**ABOUT THIS EXERCISE:** In your copy of the data, include no pictures and alter nothing else.

**GIVEN DATA:**
━━━━━━━━━━━━━━━━━━━━
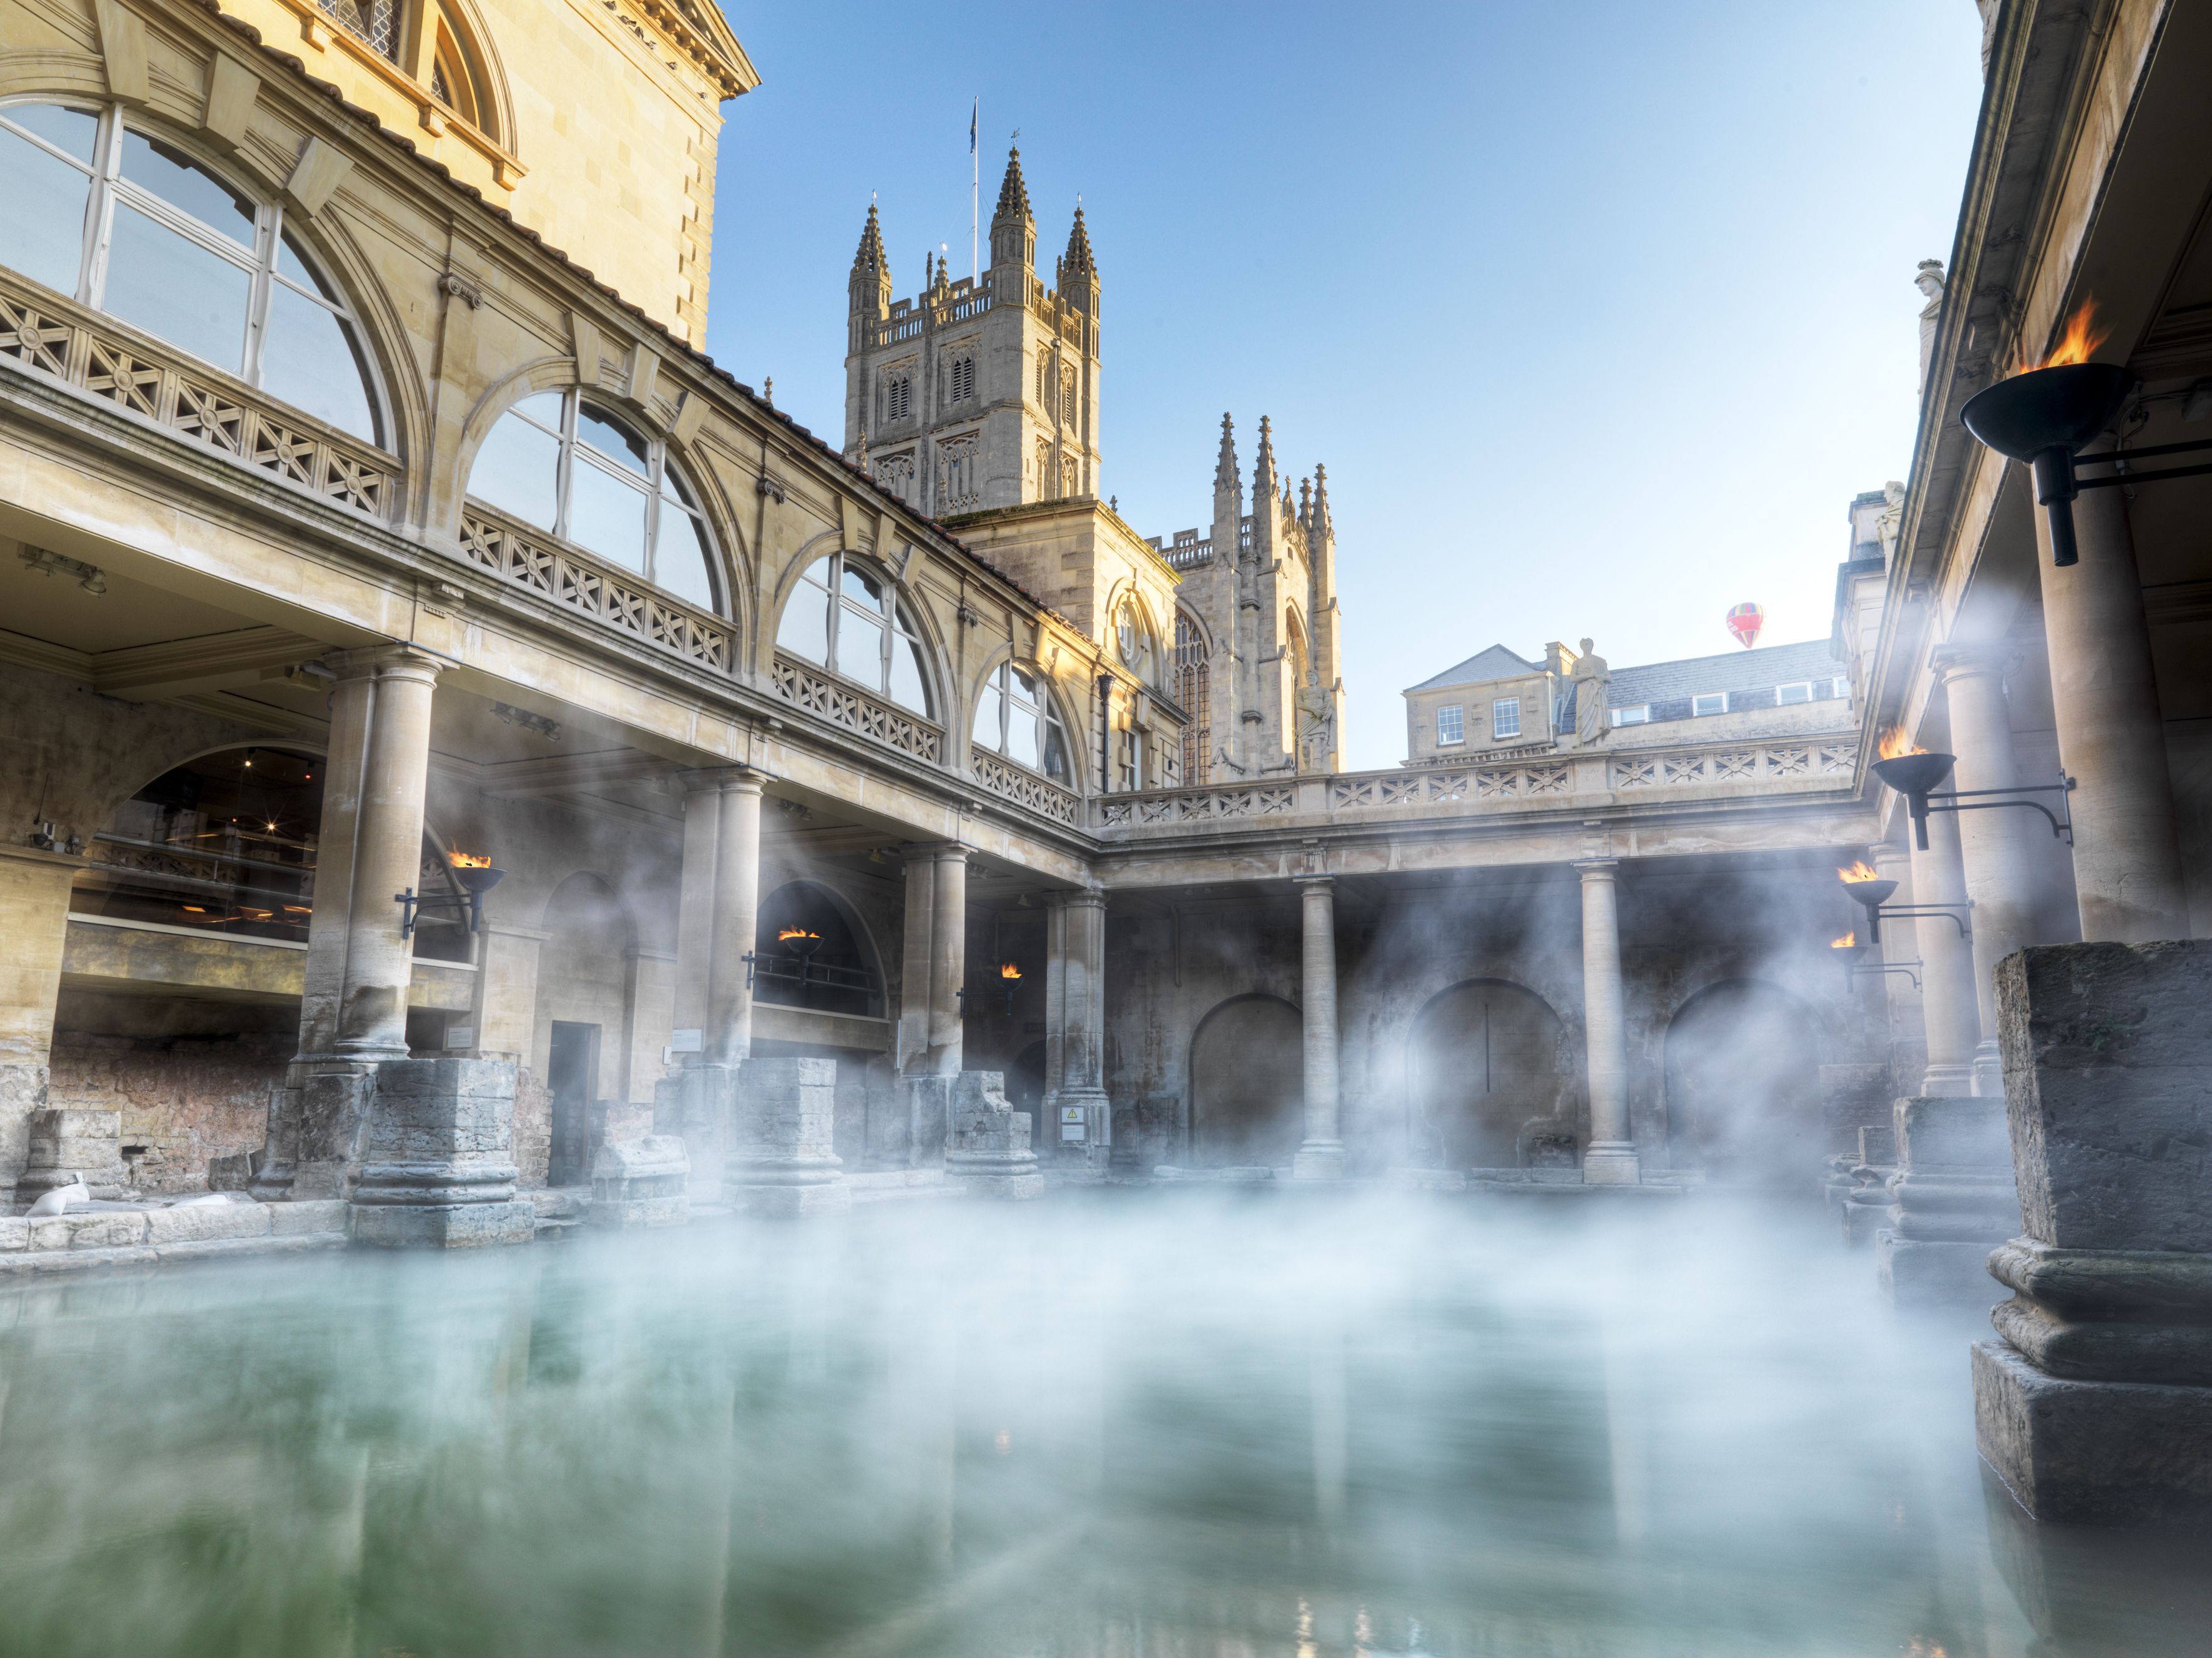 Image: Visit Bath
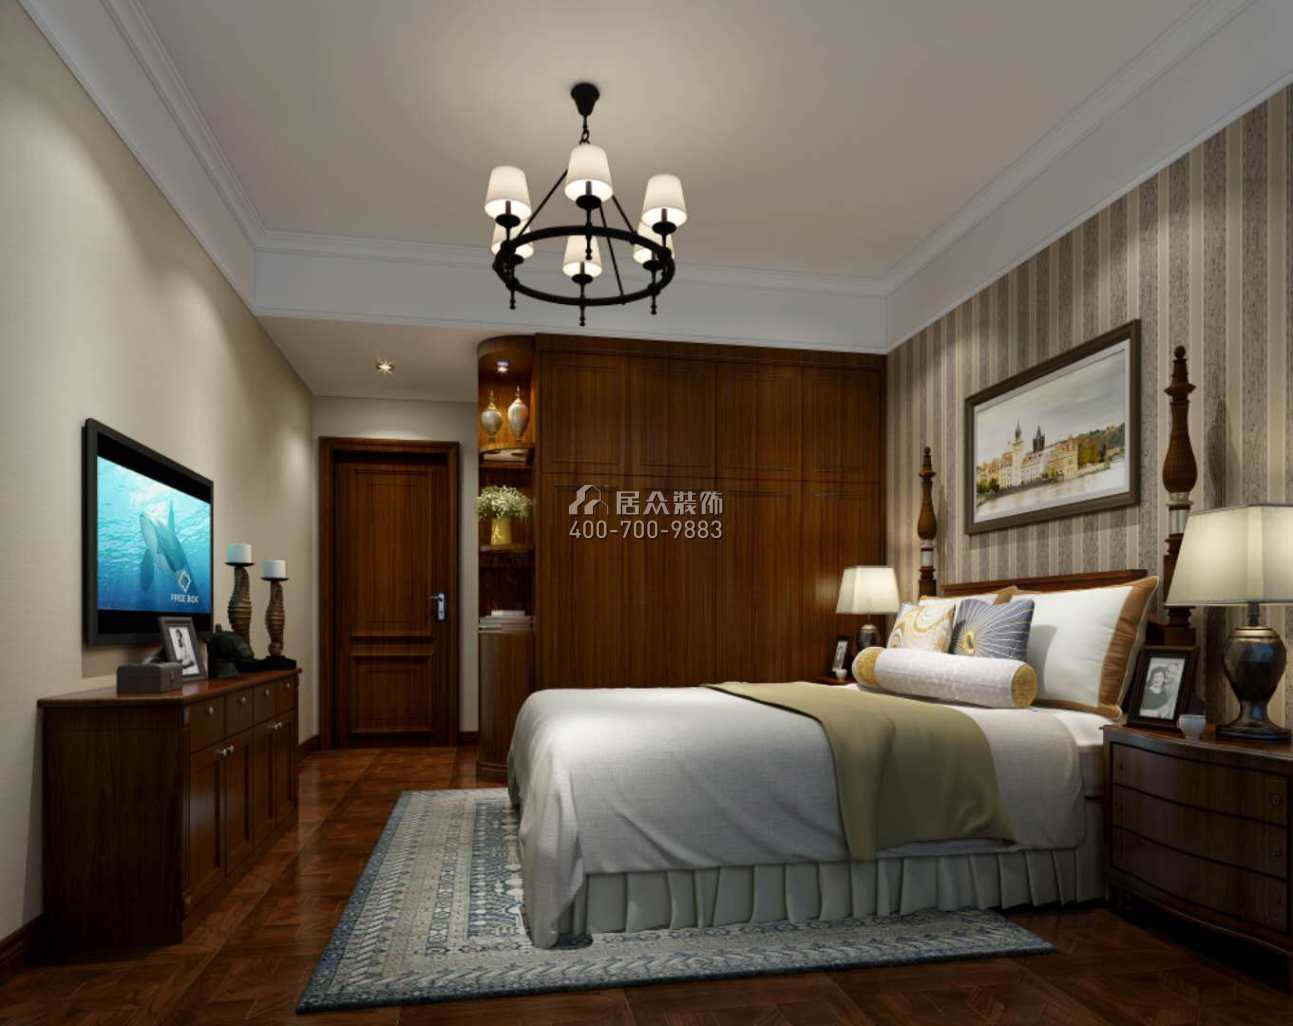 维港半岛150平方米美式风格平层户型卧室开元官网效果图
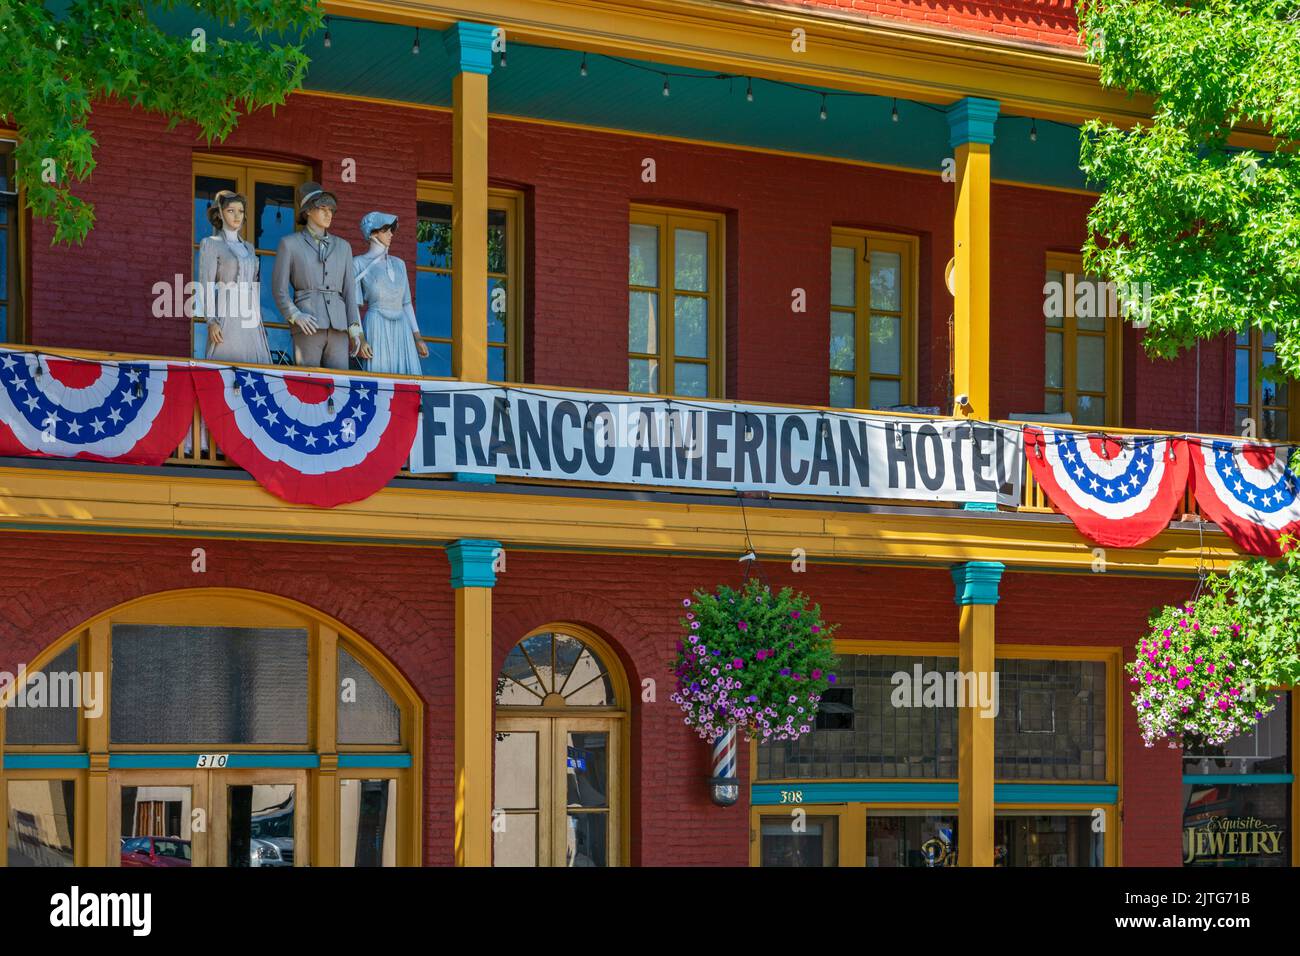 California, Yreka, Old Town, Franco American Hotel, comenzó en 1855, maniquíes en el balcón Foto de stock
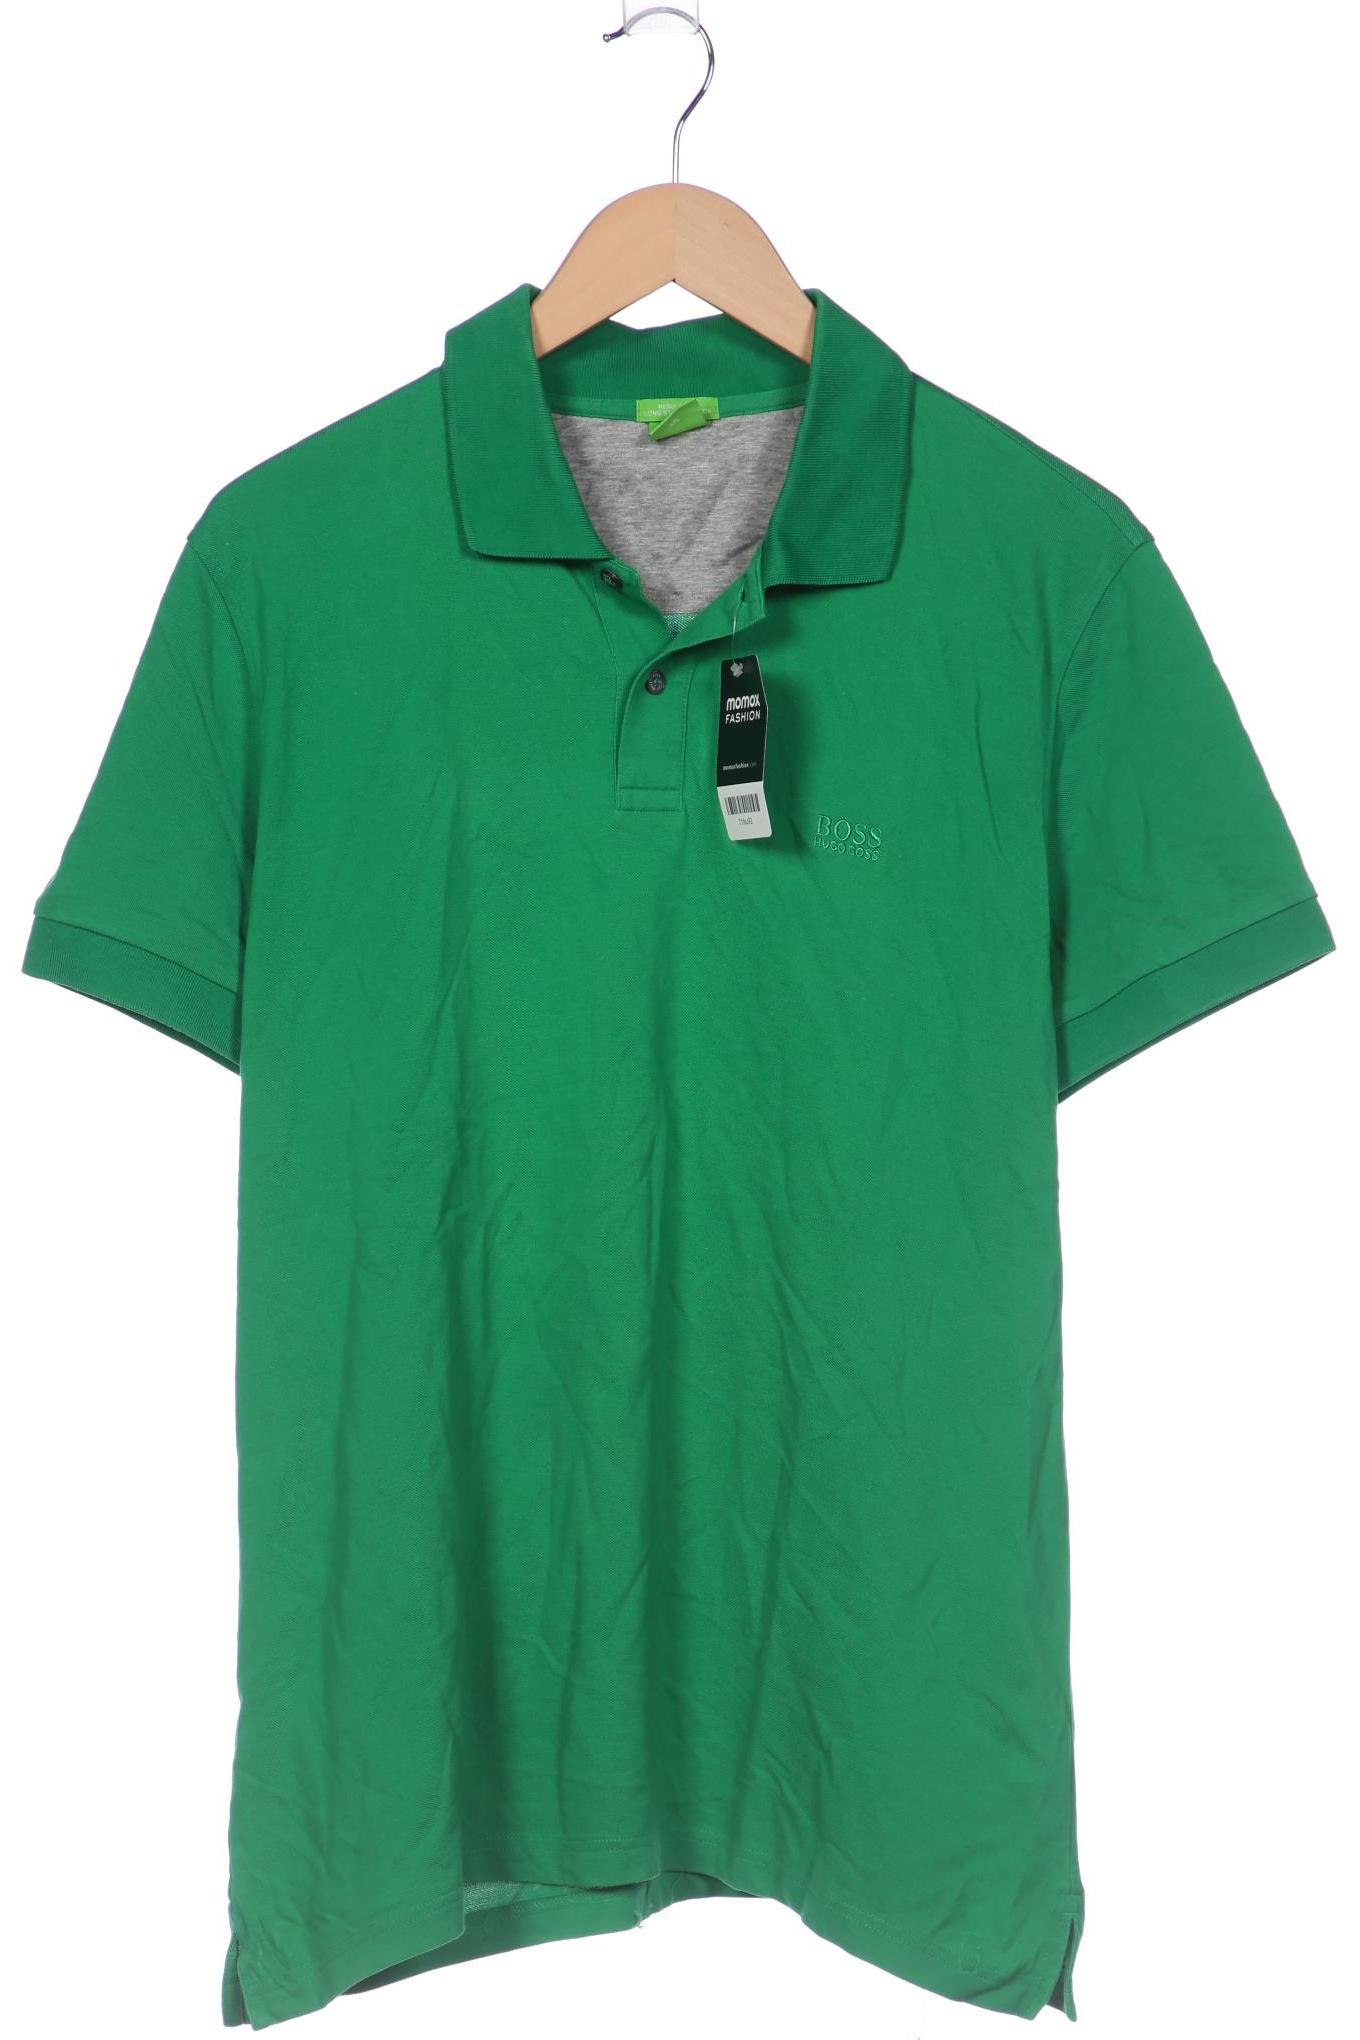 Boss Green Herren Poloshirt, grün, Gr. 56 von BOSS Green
━━━━━━━━━━━━━━━━━━━━
**ANSWER SECTION:**
 Image: Visit Bath
 维港半岛150平方米美式风格平层户型卧室开元官网效果图
 California, Yreka, Old Town, Franco American Hotel, comenzó en 1855, maniquíes en el balcón Foto de stock
 Boss Green Herren Poloshirt, grün, Gr. 56 von BOSS Green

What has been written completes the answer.